Тут же, сразу за амбаром с малахитово-зелёной мшистой крышей, свернув со своей улицы и пройдя пустынным переулком – называют их заулками в Ялани, ну а улицы – краями, затем – околицей, мимо пёстро расположившихся на ней, шумно и тяжко, как о вселенской беде, вздыхающих и жующих задумчиво жвачку коров, потом – в уже просохшей после основного паводка старице – густым тальником поднялась Катерина по крутой, бурой от плотно устлавшей её кедровой палой хвои, тропинке и вышла на берег Кеми – высокую, подмытую за несколько последних лет веретию – точит здесь Кемь себе новое русло – река настырная – пробьётся. Подступив, села Катерина на давным-давно уже, саму по себе, от урагана ли когда, но не на памяти у Катерины, упавшую лиственницу с торчащими огромным пауком корнями. Река далеко внизу, под отвесным, рыжим яром, сверкает раздробленным в ней солнцем, шумит в затопленных кустах водою – спешит к Ислени. На другом берегу Кеми, в пойме, простёгнутый насквозь солнечными лучами, раскинулся брусничный бор с корабельными золотоствольными соснами – ветра-то нет, и кронами не покачнутся. Возвышается над бором Камень с охристыми, поросшими кое-где ольшаником, откосами – осыпями. Над Камнем, от горизонта до горизонта, протянулся кучерявый, белый след от самолёта – давно пролетел самолёт – след широко уже расплылся в небе – облако из себя теперь изображает… как ребёнок.
Тотчас и он, Чеславлев Сенька, появился,
Солнечно. Безоблачно. Безветренно. Небозём клубится, будто кипятится: отнимает небо у земли, напитанной сверх меры, влагу, вернёт её дождём после – если ко времени-то, ладно, а если нет… но тут уж как Бог даст.
За Бобровкой, таёжной, родниковой и, на самом деле, много где перегороженной бобрами речкой, чуть выше этого яра перекатисто впадающей в Кемь, надрывается бензопила – успевает кто-то – заготавливает, пока листва не распустилась и от неё в лесу не стало глухо, на зиму дрова в березнике. Кричат где-то мальчишки: то «аут!», то «не куйся!» – на песке в футбол, наверное, играют. Едет – гудит одиноко, но не скучно – по тракту мотоцикл – слышно его только тогда, когда пила перестаёт работать; одноцилиндровый; в Ялань едет и, по гуду судя, не торопится.

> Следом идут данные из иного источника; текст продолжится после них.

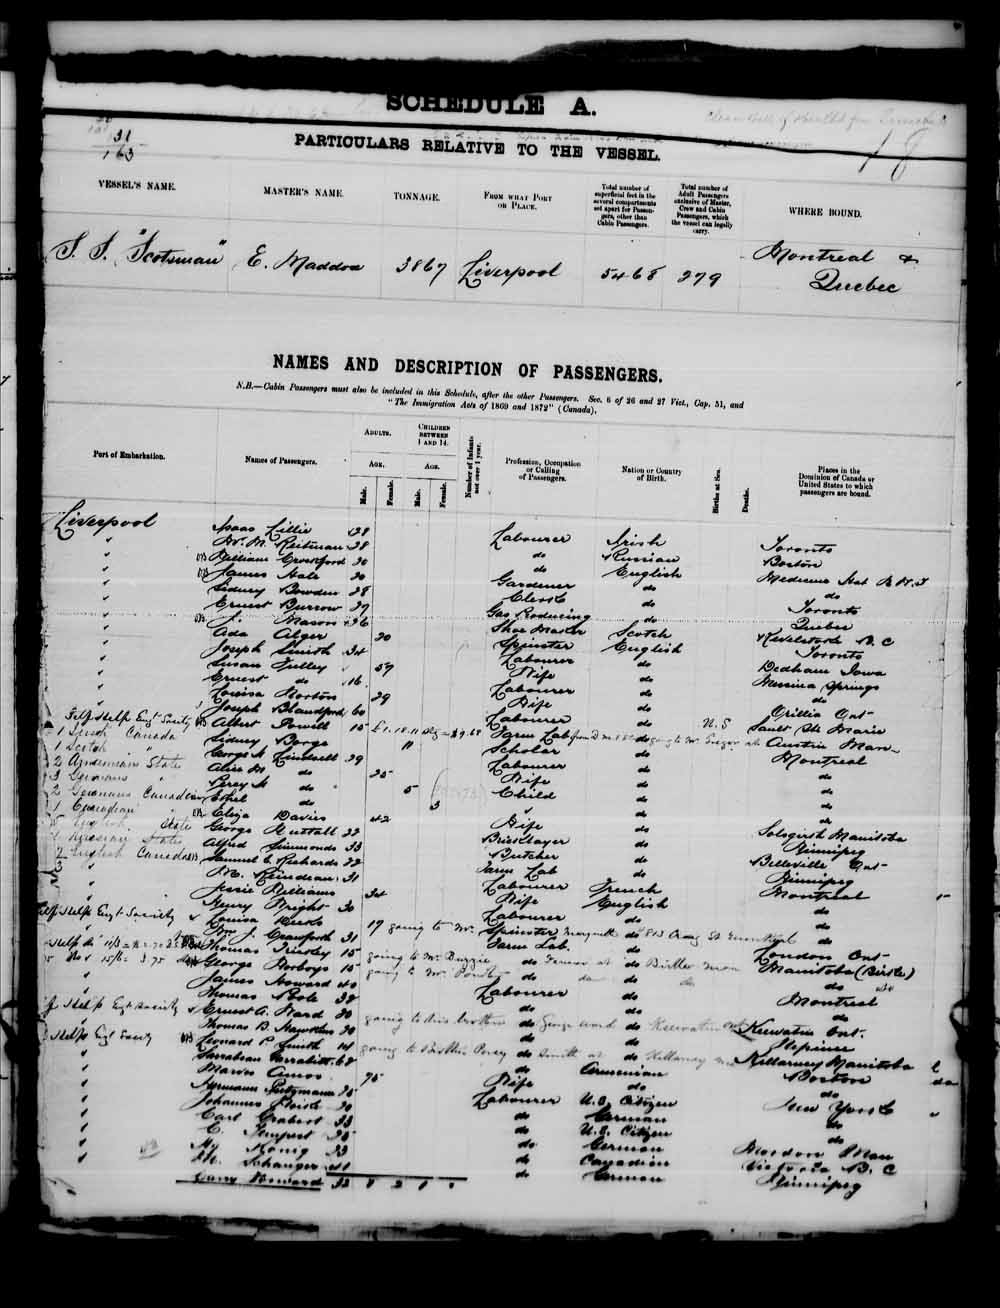 Digitized page of Quebec Passenger Lists for Image No.: e003554394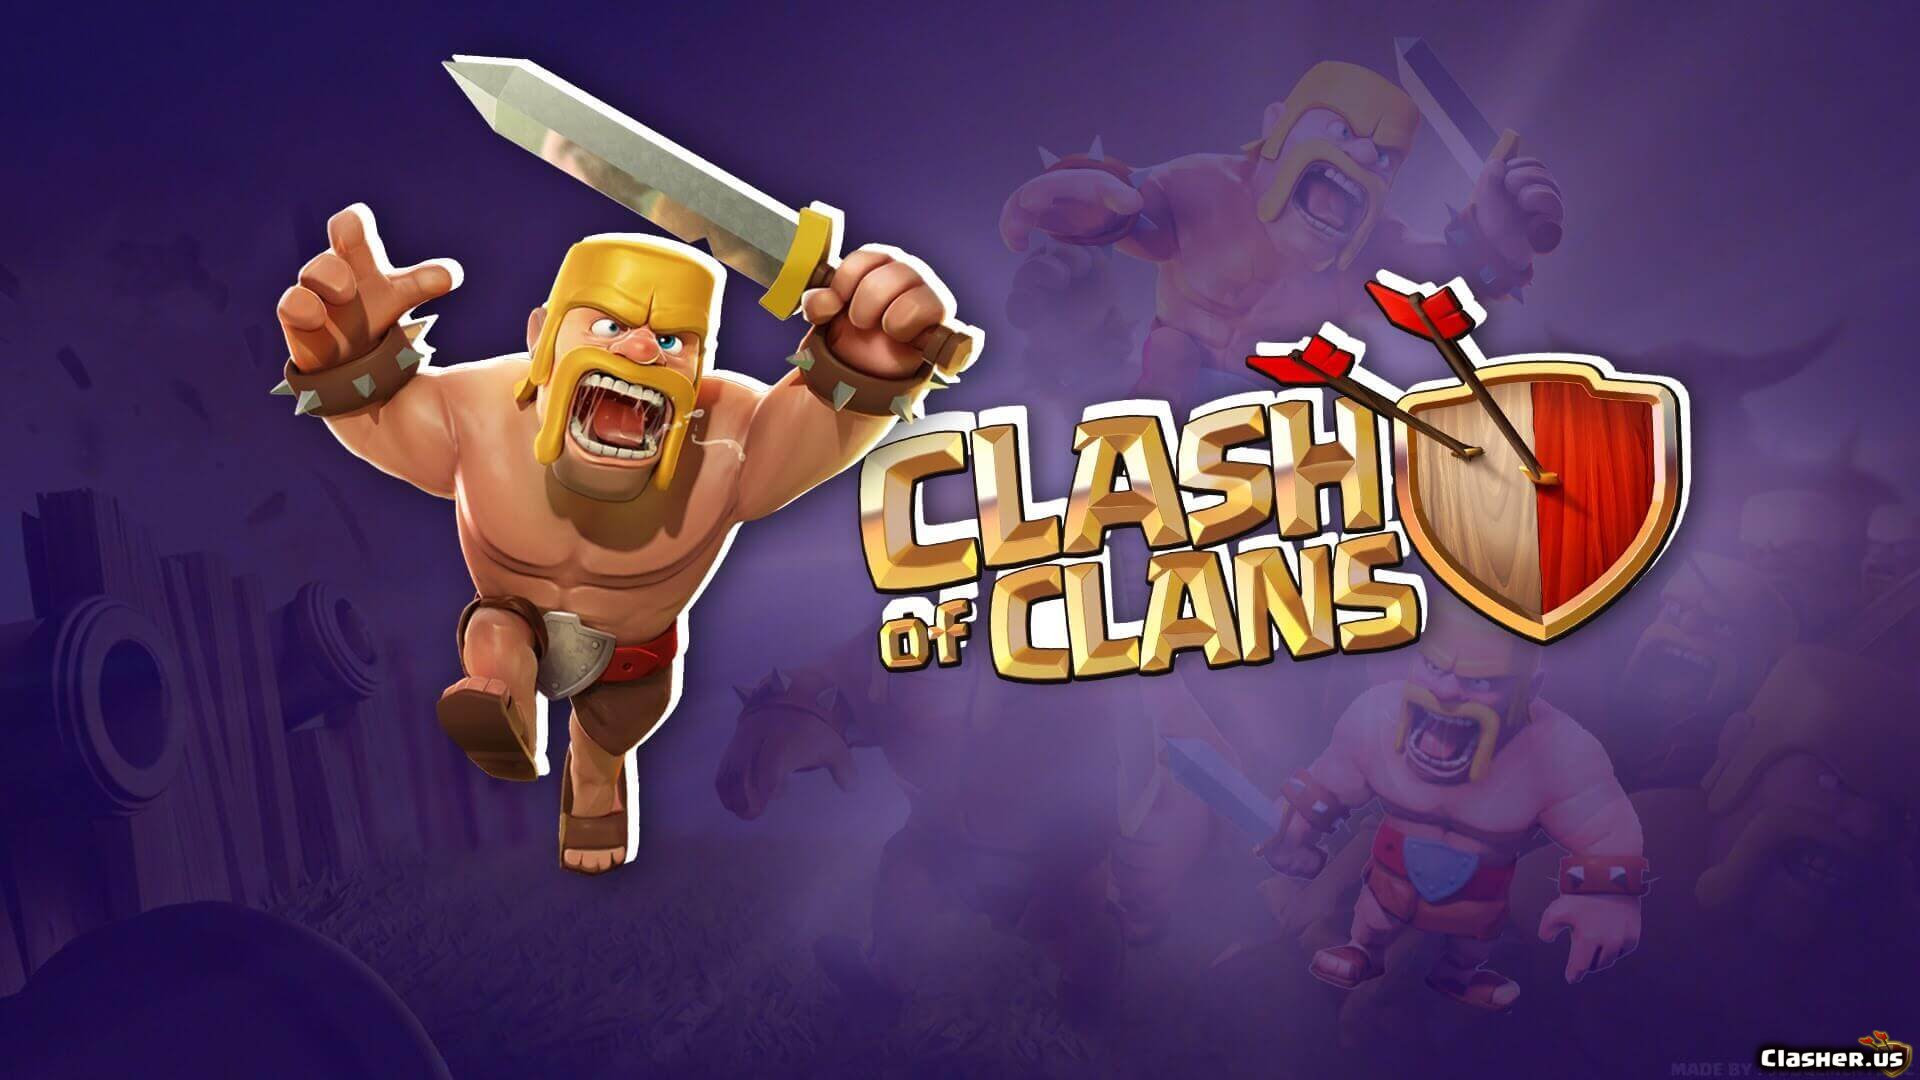 Powerful clash of clans logo with a war-based design on Craiyon

Постоит такое тепло ещё сколько-то, не заненастит, и начнутся в тайге пожары, всё кругом затянет жёлтым, едким дымом.
Птицы туда-сюда, с ветки на ветку, с дерева на дерево, порхают – праздно снуют, будто заняться нечем им – так, глядя на них, кажется; а то и Кемь перелетают, перелетая – отражаются в реке, знают об этом – кажется и так – им, отражением своим, любуются как будто; барашки, падая и блея, воздух сверлят беспрестанно – только начнёт светать, и принимаются; земли по-асовски не достигая, в падении затормозят и снова ввысь молчком взмывают, чтобы опять в пике оттуда свергнуться с любовной песней.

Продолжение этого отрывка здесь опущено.